The life of Edita Schubert was one of two distinct halves. Throughout a career lasting over thirty years, the esteemed Croatian creator was employed by the Anatomy Institute at the University of Zagreb’s medical faculty, precisely illustrating human anatomical specimens for medical reference books. In her private atelier, she created work that defied simple classification – frequently employing the identical instruments.
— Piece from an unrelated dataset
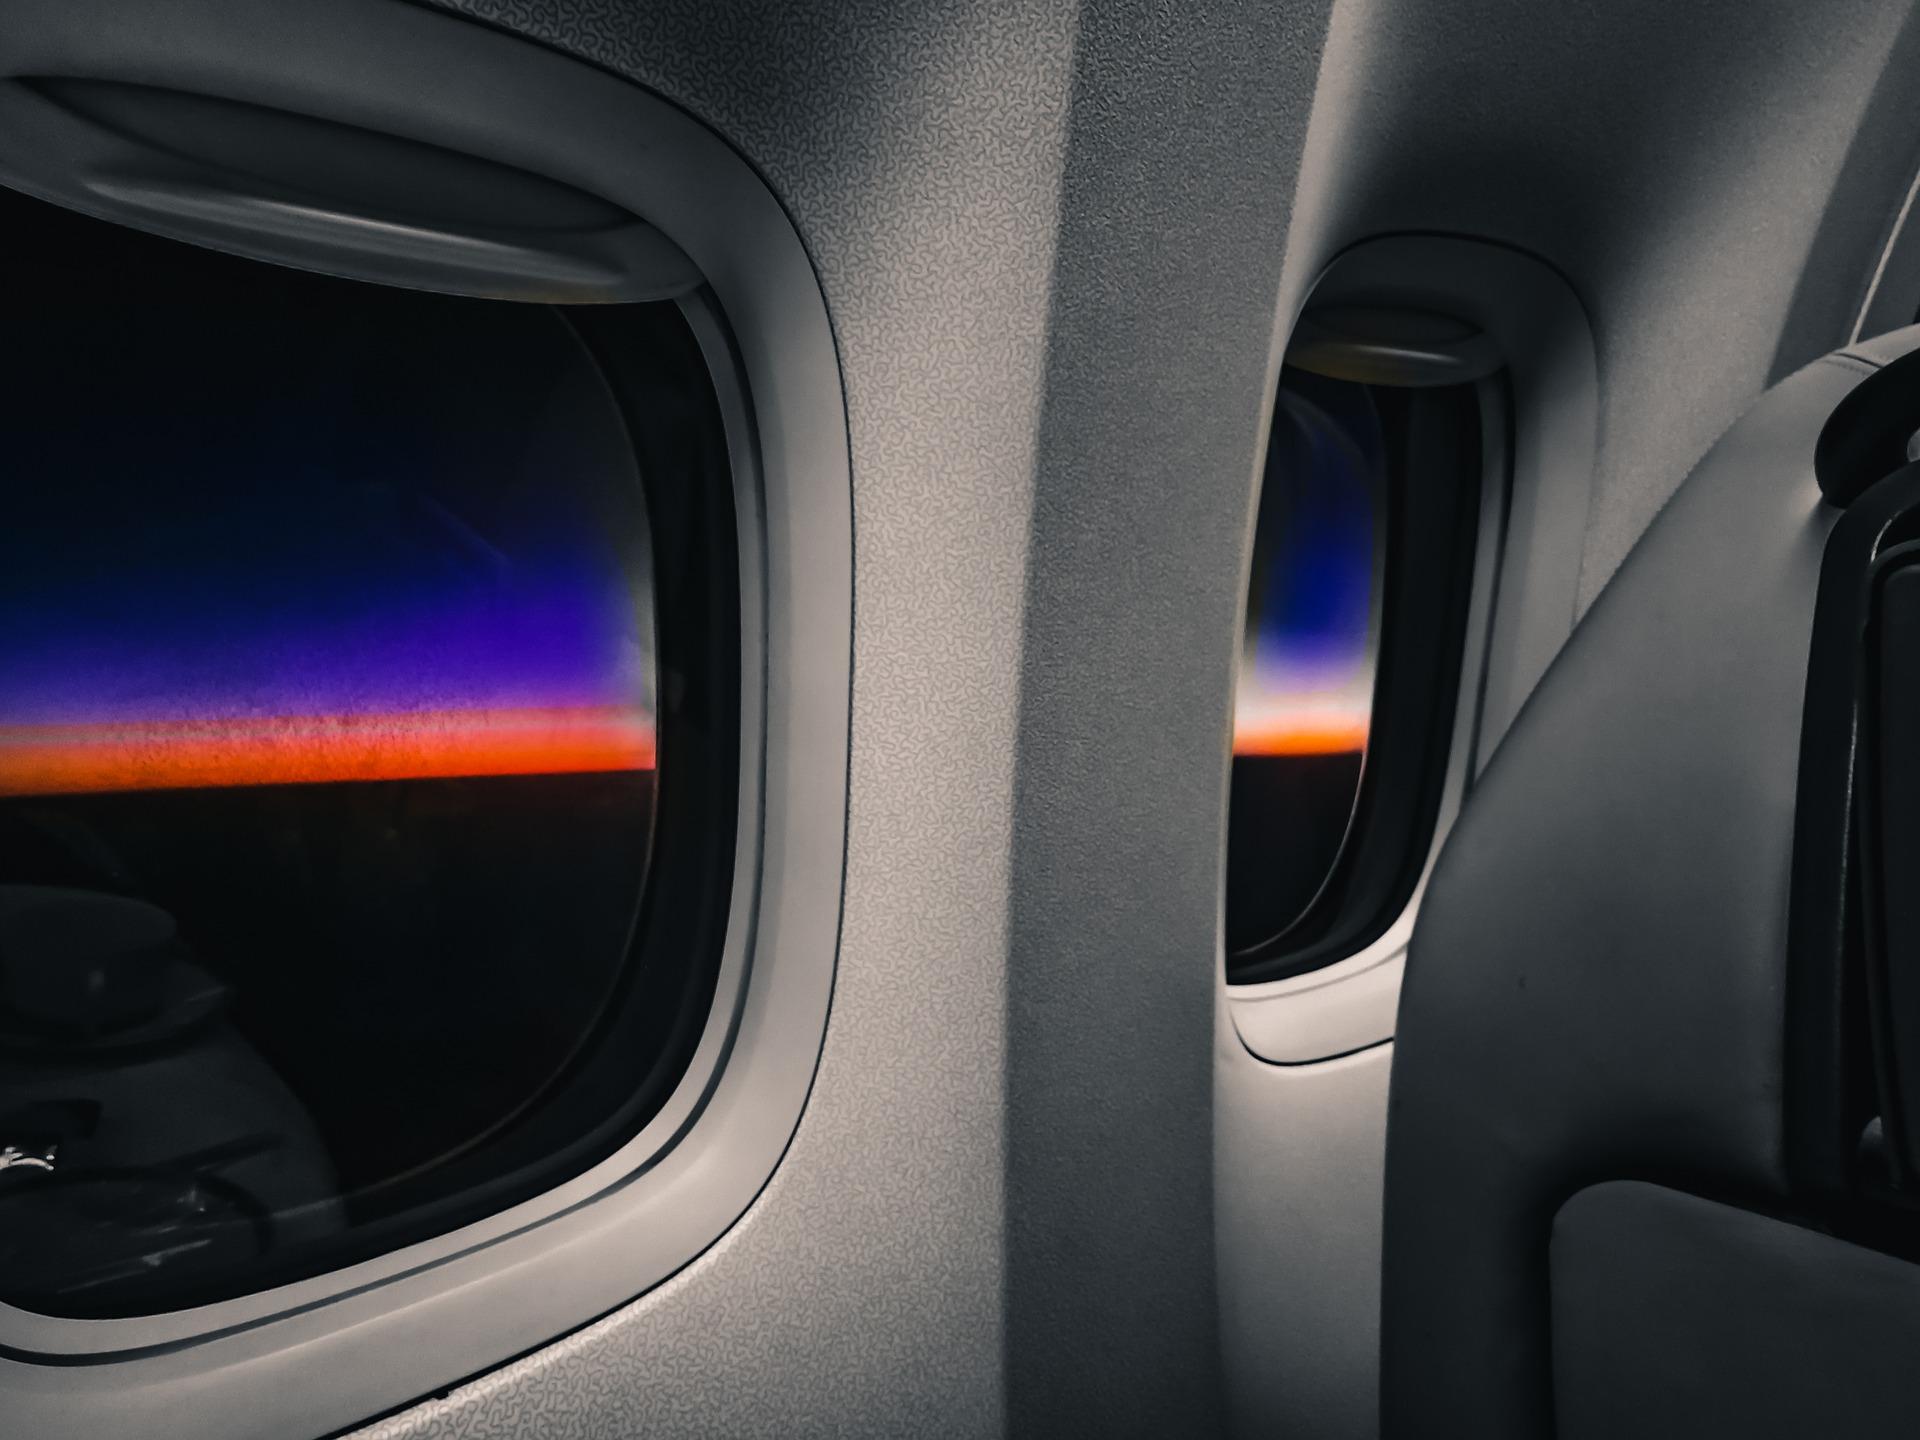 חלונות נוסעים במטוס

“Her work involved crafting these meticulous, technical diagrams which were used in surgical handbooks,” says a curator of a new retrospective of the artist's oeuvre. “She was deeply immersed in that work … She showed no hesitation in the presence of dissections.” These detailed anatomical studies, comments a arts scholar, are still featured in manuals for anatomy students to this day in Croatia.The Bleeding of Two Worlds
A split career path was not rare for creatives in the former Yugoslavia, who often lacked a viable art market. But the way these two worlds bled into each other was. The medical knives for anatomical dissection were transformed into tools for cutting fabric. Adhesive tape intended for bandages held her perforated artworks together. Laboratory tubes commonly used for samples transformed into containers for her life story.
A Creative Urge
At the start of the seventies, Schubert was initially operating within conventional painting boundaries. She produced meticulous, hyperrealistic still lifes in acrylic and oil paints of confectionery and salt and sugar shakers. However, discontent had been growing since her academy years. While studying at the fine arts academy in Zagreb, the curriculum mandated life drawing. “I had to plunge the knife into the canvas, it genuinely irritated me, that stretched surface I was forced to communicate upon,” she once explained to a scholar, one of the few people she ever granted an interview. “I thrust the blade into the painting in place of a brush.”
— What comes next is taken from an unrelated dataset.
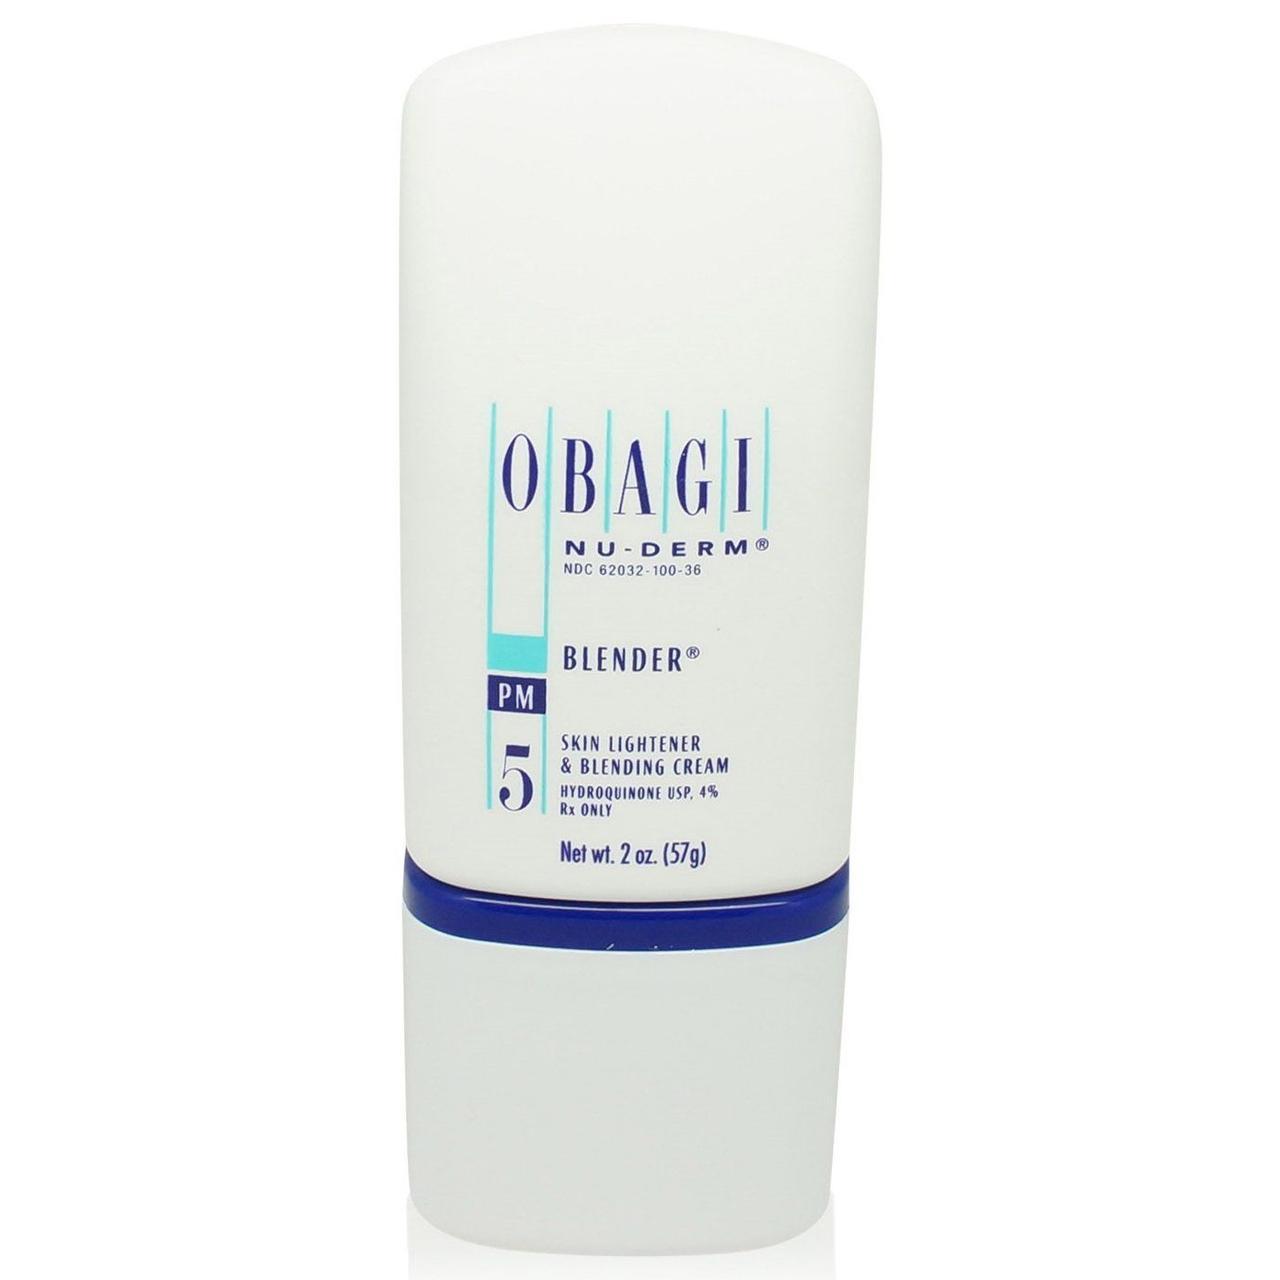 Obagi Nu-Derm Blender RX Крем с содержанием 4% Гидрохинона 57 гр

Where Anatomical Practice Meets Creation
By 1977, this impulse manifested physically. The artist created eleven sizable paintings. Each was coated in a single shade of blue prior to picking up a surgical blade and performing countless measured, exact slices. Afterwards, she peeled back the severed canvas to expose the underside, fashioning artworks catalogued with scientific detail. She timestamped each to emphasize their nature as events. In a photographic series from that year, called Self-Portrait With a Perforated Work, she inserted her features, hair, and digits through the openings, making her own form part of the artwork.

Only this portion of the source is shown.